Una palabra, una invitación a comer en mi casa, una amistad, un camino común. Las cosas y los hombres. Sé que no puedo esclavizarme en el mundo. Pero tampoco puedo evadirme de mi realidad. Son cuerdas que Dios me lanza.
Decía el padre José Kentenich: “Las cosas nos deben vincular. Imaginemos que Dios haga bajar del cielo una cuerda. Nos debemos agarrar fuertemente a esa cuerda. Dios tira la cuerda para que podamos llegar al corazón de la Santísima Trinidad. Así, deben considerar todas las cosas: la naturaleza, la comida, la bebida, todo lo que vemos como creación; debemos vincularnos de modo orgánico a todo y entonces ir al más allá. Por tanto, ¿puedo disfrutar de las cosas? ¡Sin duda! Es un vincularse, pero también un elevarse, un estar siendo elevado a lo alto, al seno del Padre”[1].
Quiero vivir con pasión esta vida, este mundo. Las cosas que me lanza Dios como cuerdas que suben hasta Él.
El otro día me decía una persona: “No podemos ver en el mundo sólo cosas malas. No todo lo que viene del mundo es malo, es una carencia, o es algo oscuro. Hay muchos desafíos en el mundo que se nos regala”. Y tenía razón.

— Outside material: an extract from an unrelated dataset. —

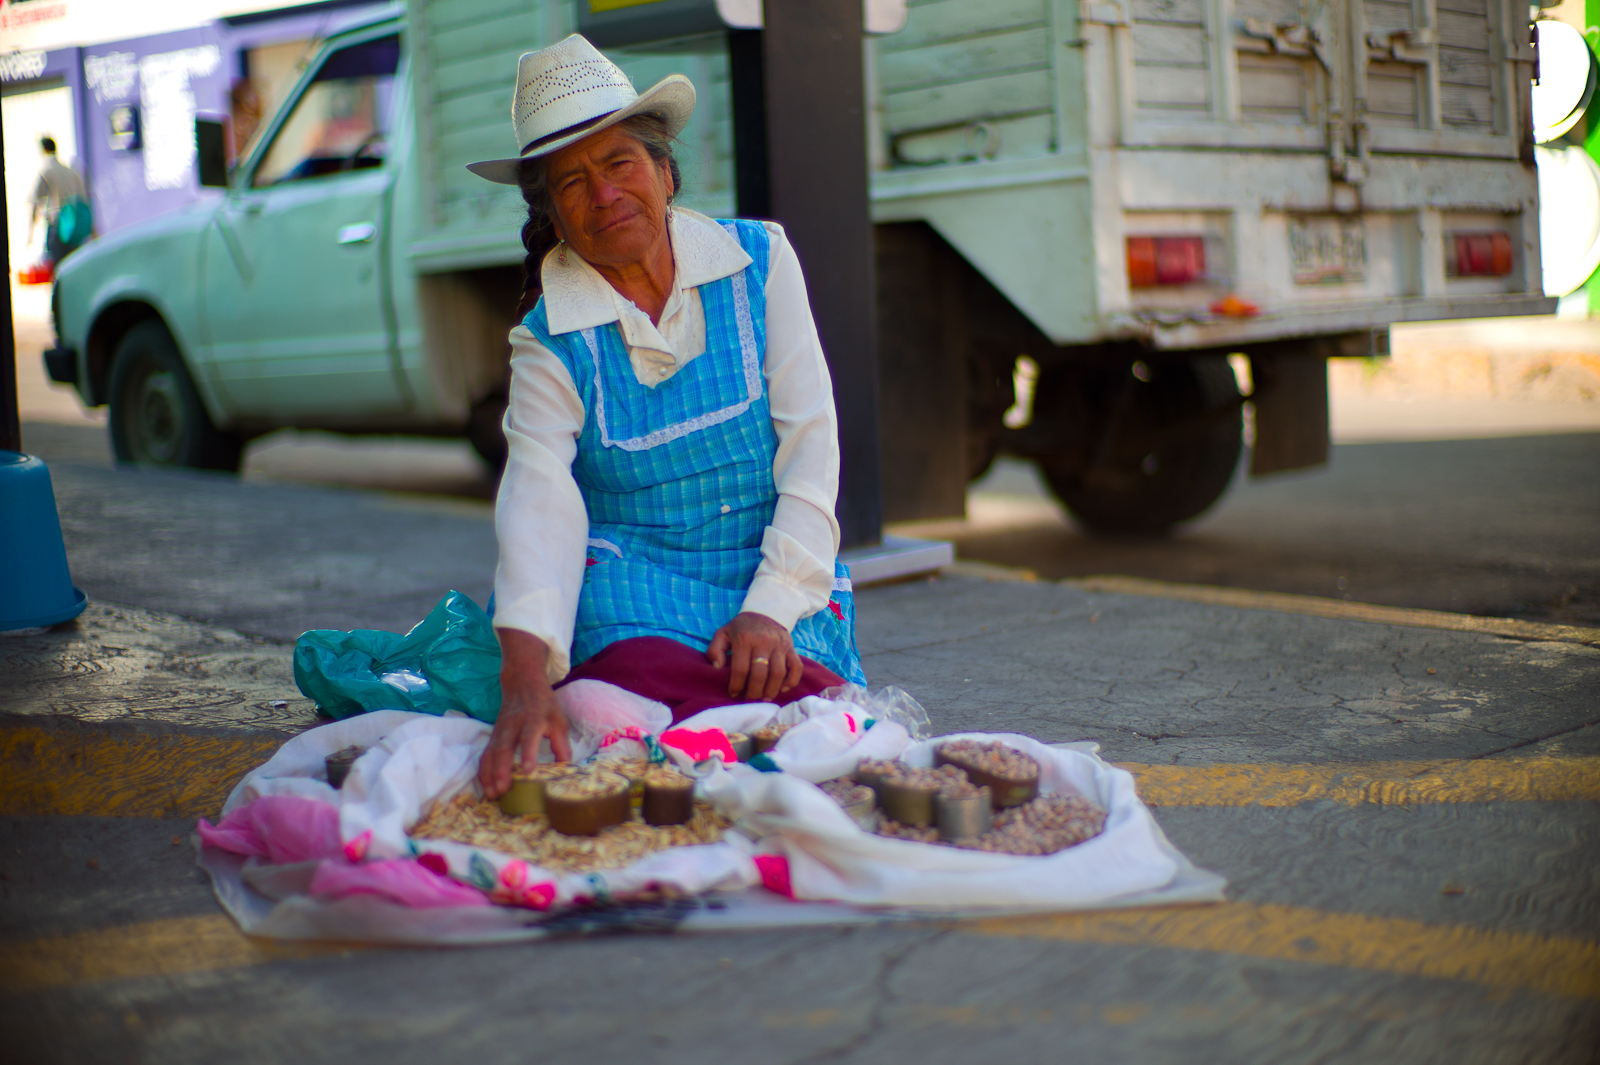 La vendedora de pepitas (pumpkin seed vendor)
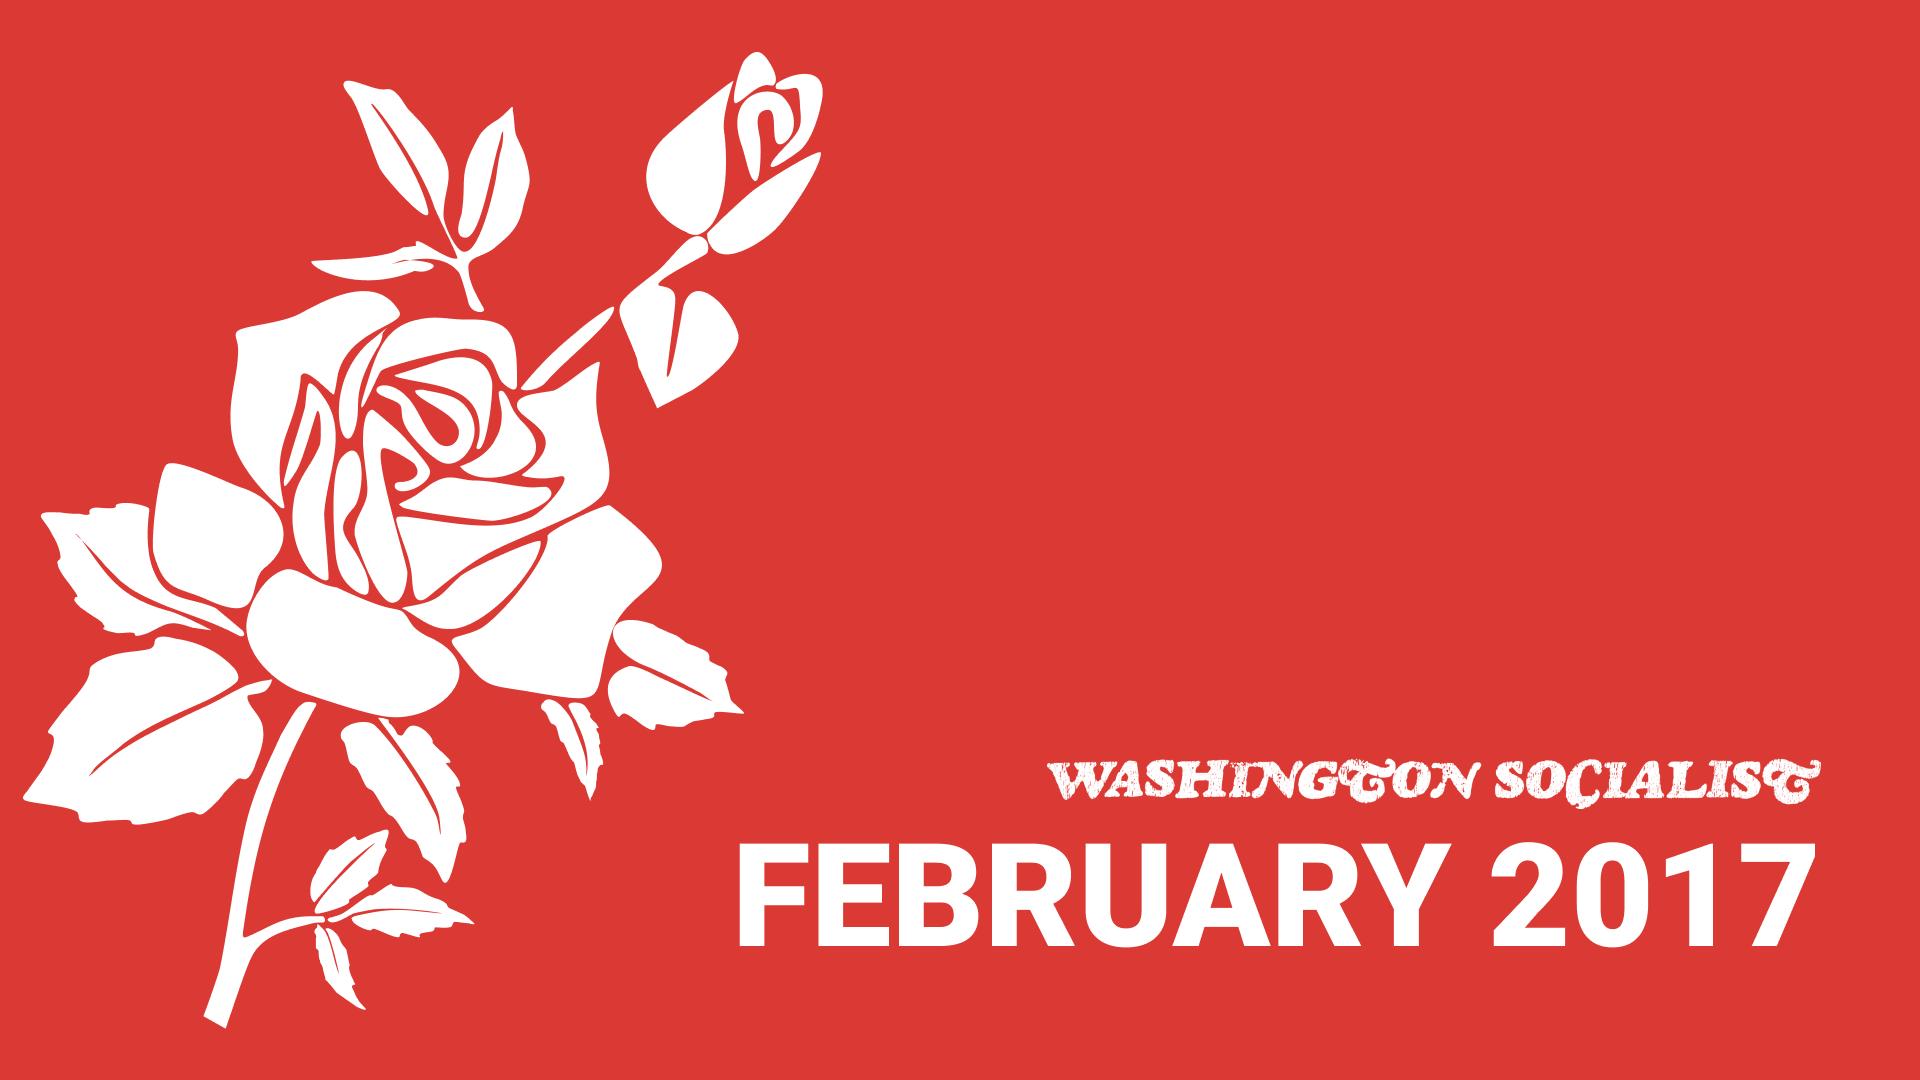 Washington Socialist Cover, February 2017

Soy del mundo. He nacido en el mundo. En el mundo he echado raíces. He amado. He sido herido. Hay gracia y pecado. Maldad y bondad. Luz y sombras. Dios tiende cuerdas que cuelgan desde el cielo y tocan lo más hondo de la tierra.
Decía el padre José Kentenich: “Nosotros no acentuamos solamente el alejamiento del mundo, sino también una apertura al mundo. El buen Dios ha creado las cosas y las ha dejado como una cuerda que cuelga desde Él hacia abajo. Por tanto, según la ley de la transferencia y de la transposición orgánica, debemos vincularnos a las cosas y a las criaturas”[2].
El mundo me interpela. Me exige. Me anima a cambiar, a soñar, a luchar. Amo el mundo y quiero cambiar este mundo. Mi mundo, mi vida. Sufro en la tierra que piso, en los mares que navego. Anhelo el cielo con los pies en la tierra.
Quiero un mundo más justo, más puro, más feliz, más pacífico. Soy de carne. Experimento mi debilidad. Sufro y deseo. Sueño y espero. Amo y soy amado. El mundo y los hombres me pueden llevar a Dios.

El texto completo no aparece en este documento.